I think they have one of the strongest AI teams in the world. They have the leading model in the world right now. I think most people consider Sonnet to be the top model for reasoning and for coding and for a lot of other things as well. We get a lot of great feedback from customers on them. So we love that partnership, and we learn a lot from them too, as they build their models on top of Trainium, so there’s a nice flywheel benefit where we get to learn from them, building on top of us. Our customers get to take advantage of leveraging their models inside of Bedrock, and we can grow the business together.

How are you thinking about ensuring safety and responsibility in the development of AI?

It’s super important. And it goes up and down the stack. One of the reasons why customers are excited about models from us, in addition to them being very performant, is that we care a ton about safety. And so there’s a couple of things. One is, you have to start from the beginning when you’re building the models, you think about, how do you have as many controls in there as possible? How do you have safe development to the models? And then I think you need belt and suspenders in this space, because you can, of course, make models say things that you can then say “oh, look what they said.” Practically speaking our customers are trying to integrate these into their applications. And different from being able to produce a recipe for a bomb or something, which we definitely want to have security controls around, safety and control models actually extends specific to very use cases. If you’re building an insurance application, you don’t want your application to give out healthcare advice, whereas, if you’re building healthcare one, you may. So we give a lot of controls to the customers so that they can build guardrails around the responses for models to really help guide how they want models to answer those questions. We launched a number of enhancements at re:Invent including what we call automated reasoning checks, which actually can give you a mathematical proof for if we can be 100% sure that an answer coming back is correct, based on the corpus of data that you have fed into the model. Eliminating hallucinations for a subset of answers is also super important. What’s unsafe in the context of a customer’s application can vary pretty widely, and so we try to give some really good controls for customers to be able to define that, because it’s going to depend on the use cases.

Energy requirements are a huge challenge for this business. Amazon is committed to a net zero emissions target by 2040 and you reported some progress there. How are you planning to continue reducing emissions while investing in large-scale infrastructure for AI?

Number one is you just have to have that long term view as to how we ensure that the world has enough carbon-zero power. We’ve been the single biggest purchaser of renewable energy deals, new energy deals to the grid, so commissioning new solar—solar farms, or wind farms, etc. We’ve been the biggest corporate purchaser each of the last five years, and will continue to do that. Even on that path, that may not be fast enough, and so we’ve actually started investing in nuclear. I do think that that’s an important component. It’ll be part of that portfolio. It can be both large scale nuclear plants as well as, we’ve invested in and we’re very bullish about small modular reactor technology, which is probably six or seven years out from really being in mass production. But we’re optimistic that that can be another solve as part of that portfolio as well.
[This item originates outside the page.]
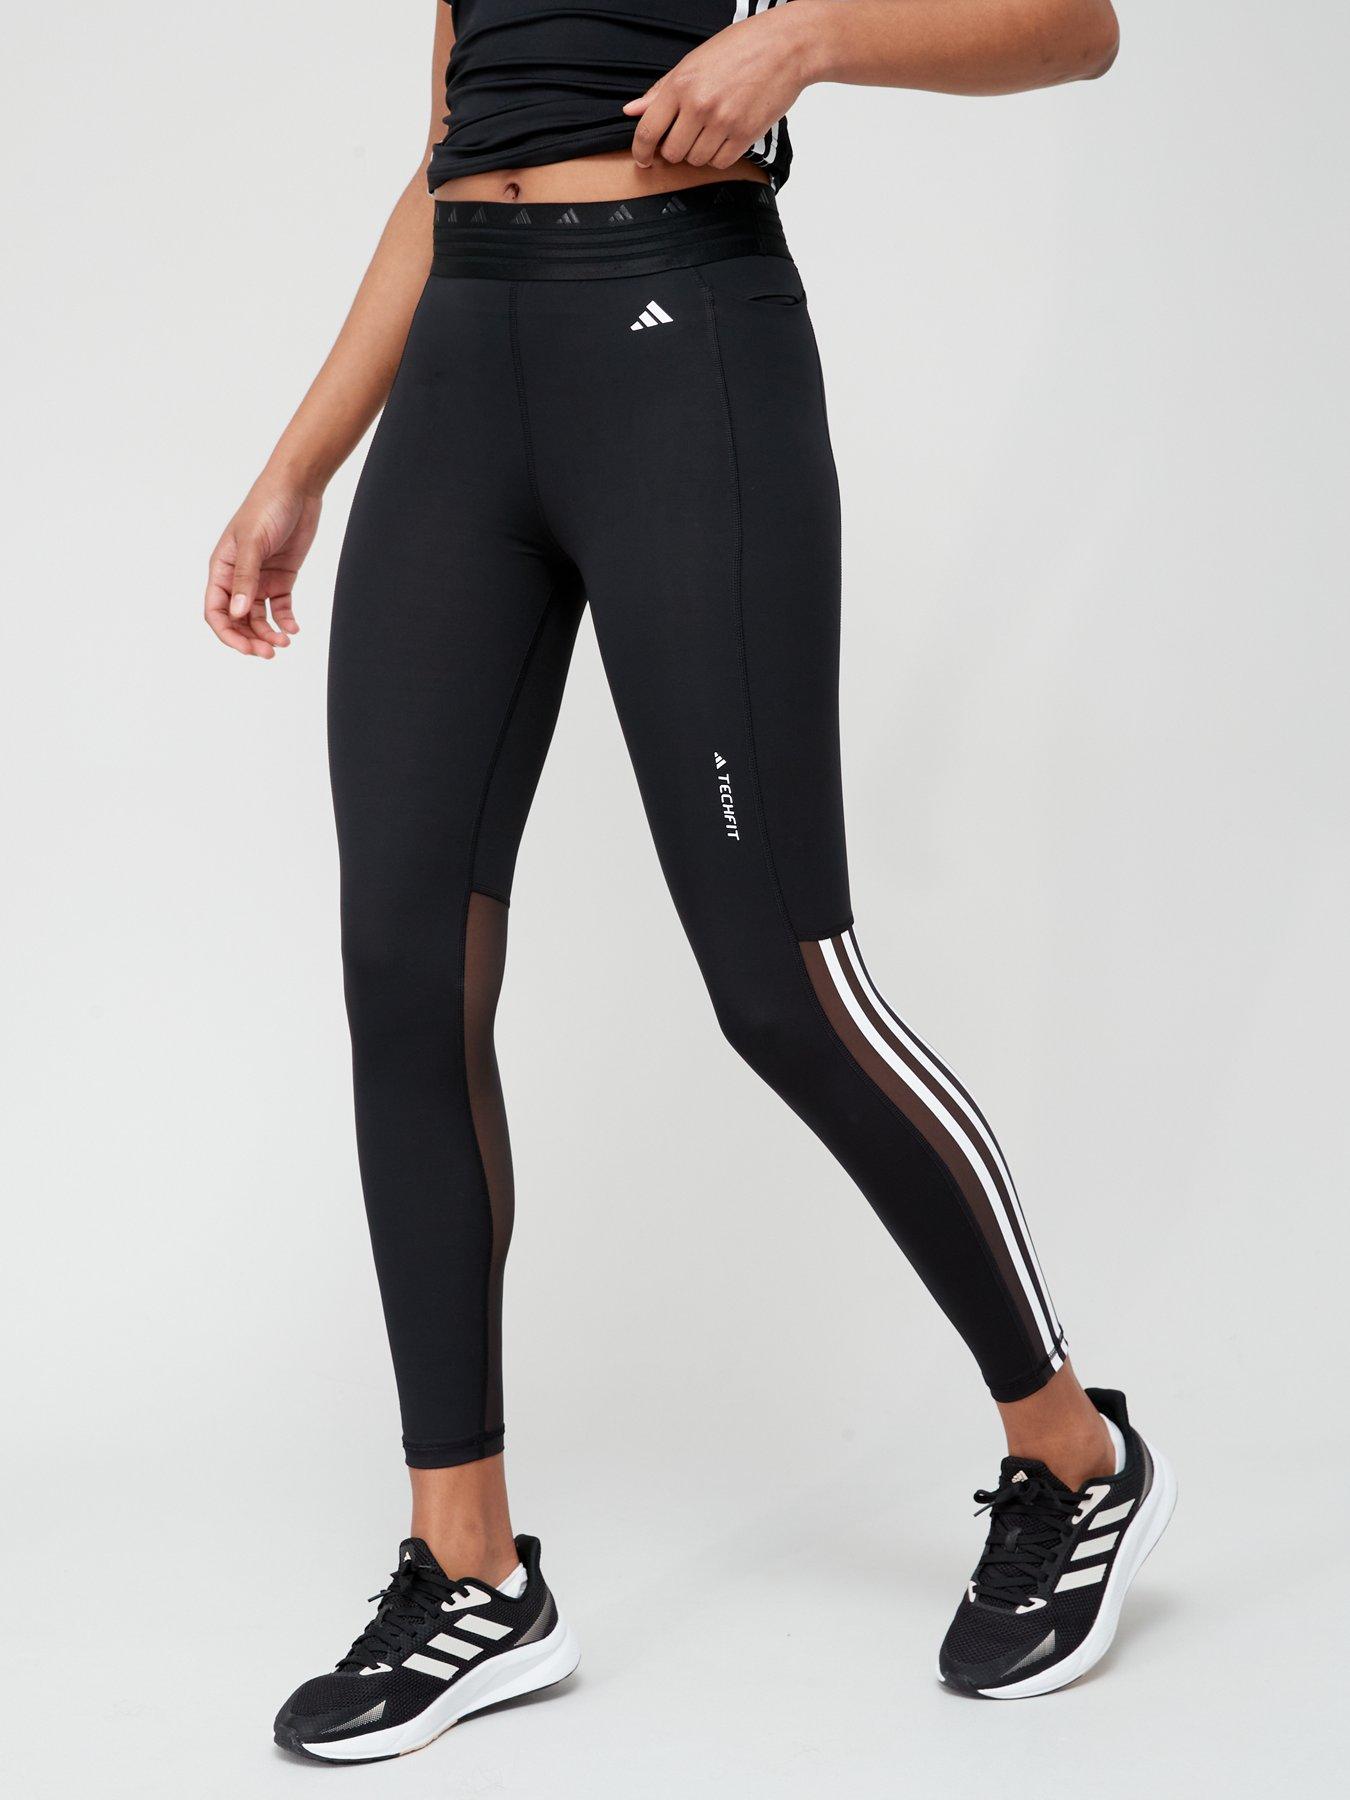 adidas Women's Alphaskin Sport Capri Tights, Black/White, Small at   Women's Clothing store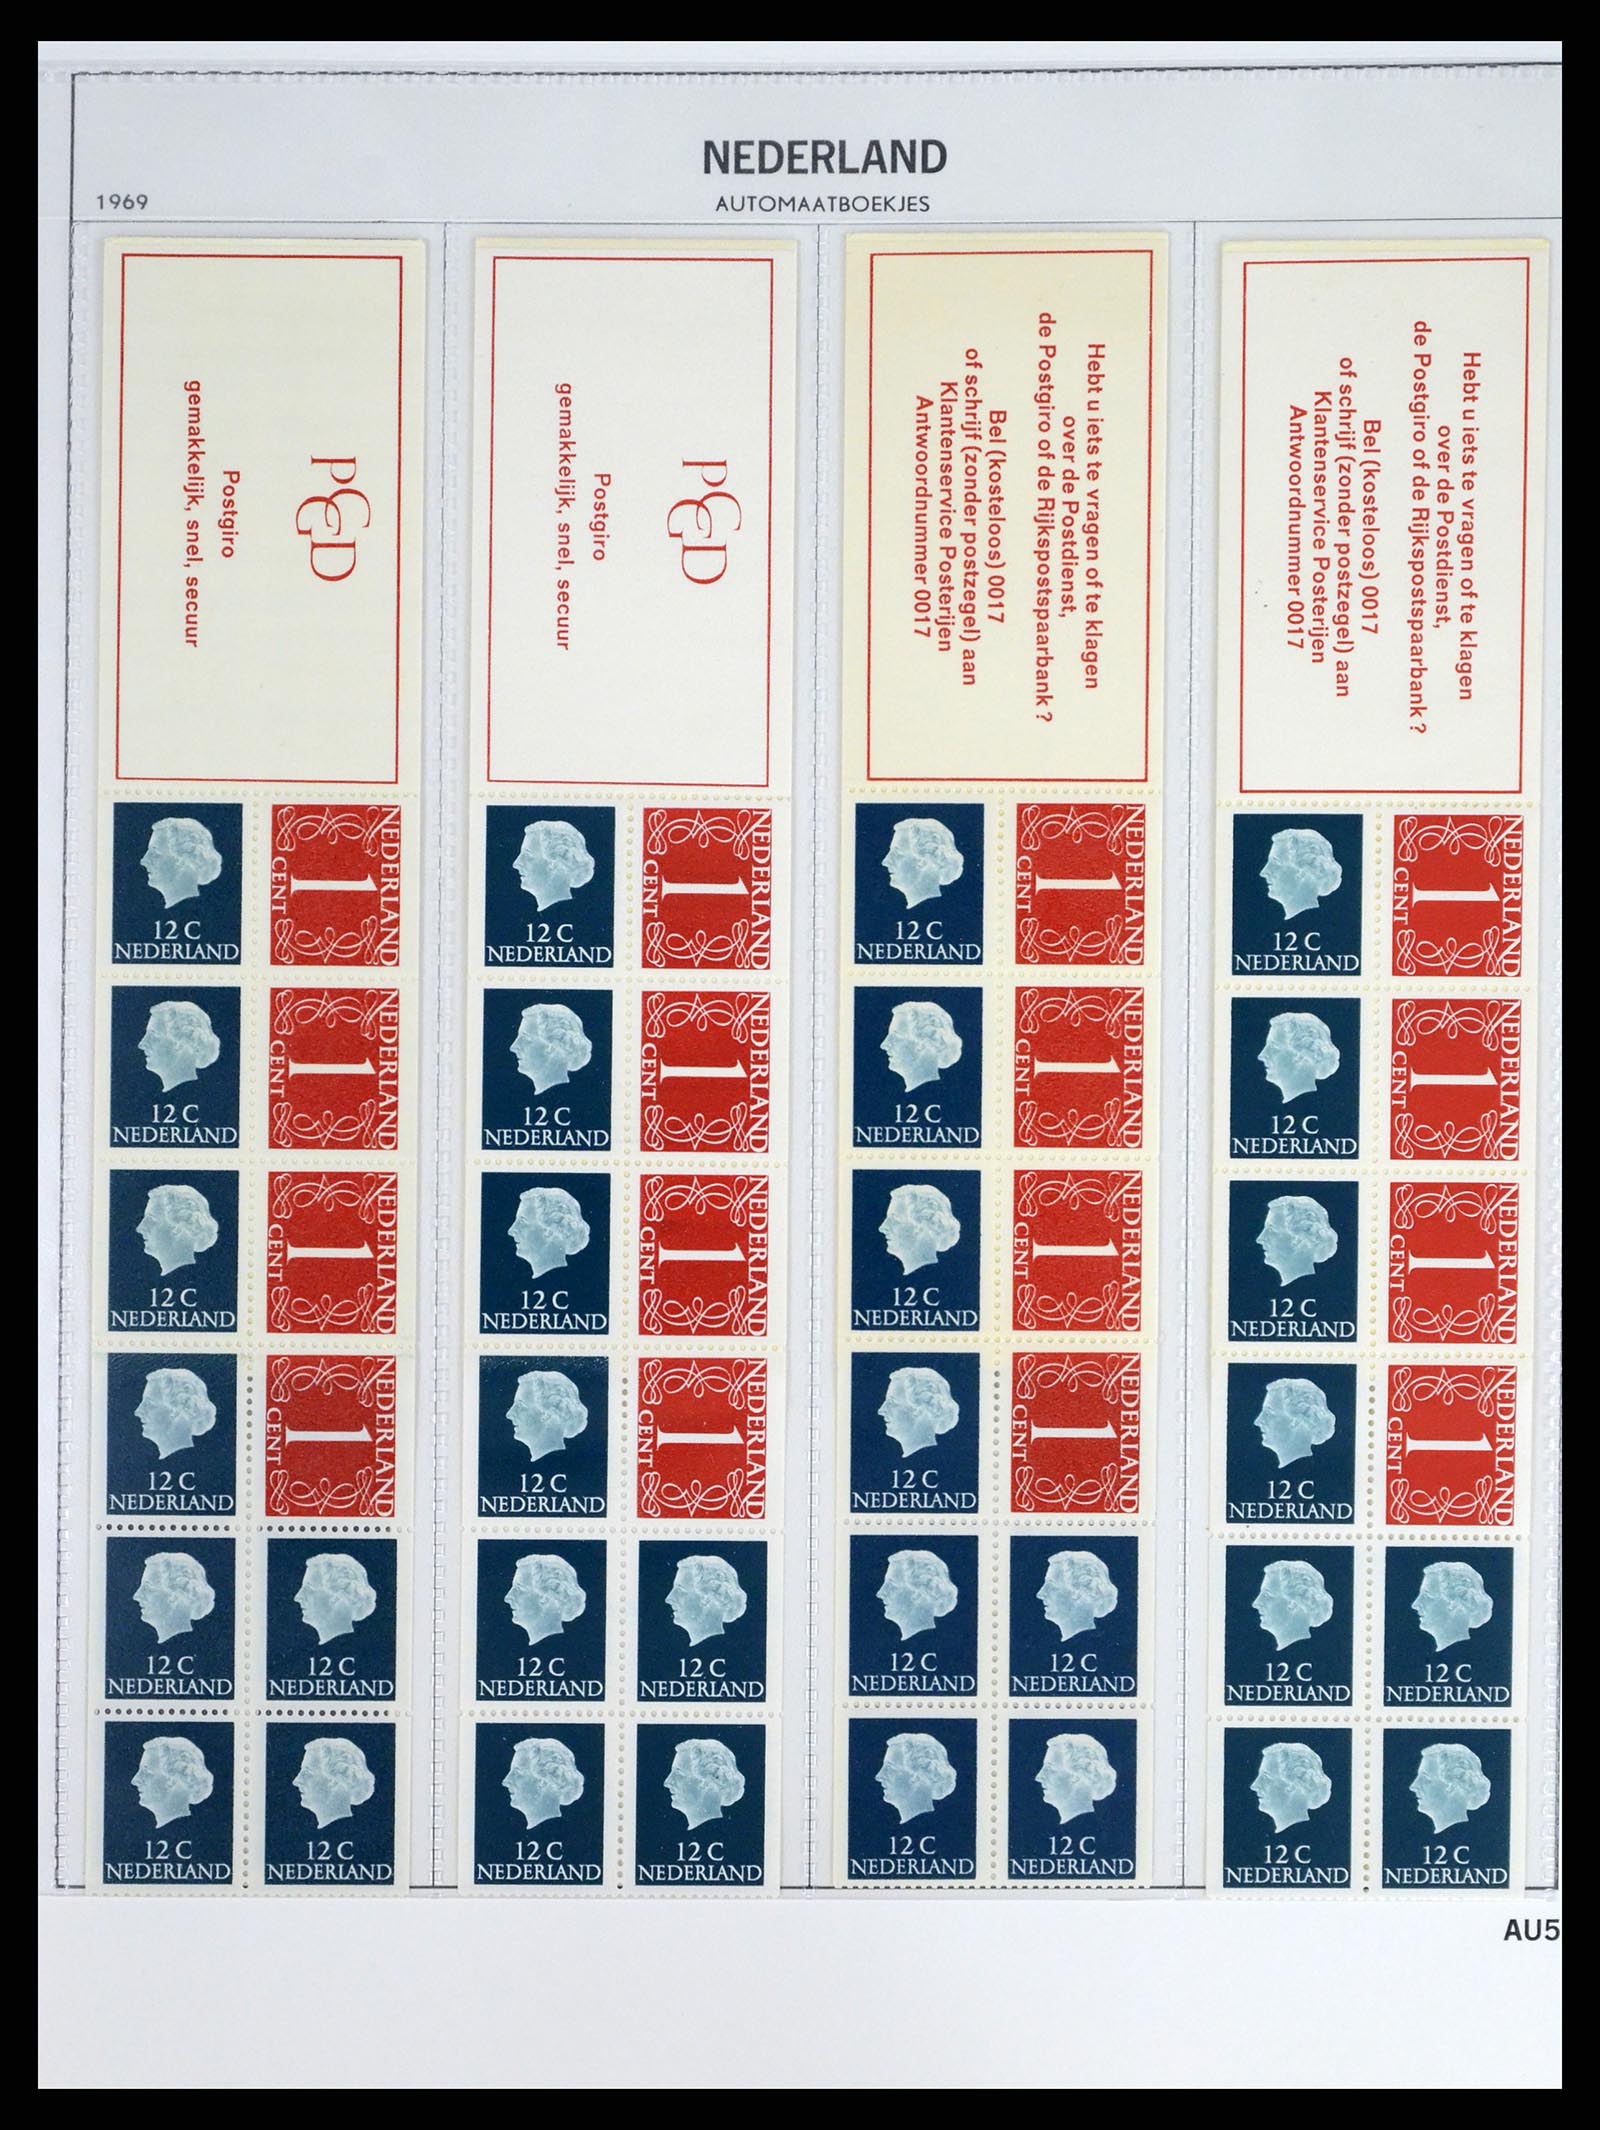 37331 006 - Stamp collection 37331 Netherlands stamp booklets 1964-2002.

On the path to carbon zero across the whole business, there’s a lot of invention that’s still going to need to happen. And I won’t sit here and tell you we know all of the answers of how you’re going to have carbon-zero shipping across oceans and airplanes for the retail side of it. And there’s a whole bunch of challenges that the world has to go after, but that’s part of why we made that commitment. We’re putting together plans with with milestones along the way, because it’s an incredibly important target for us. There’s a lot of work to do but we’re committed to doing it.

And as part of that nuclear piece, you’re supporting the development of these nuclear energy projects. What are you doing to ensure that the projects are safe in the communities where they’re deployed?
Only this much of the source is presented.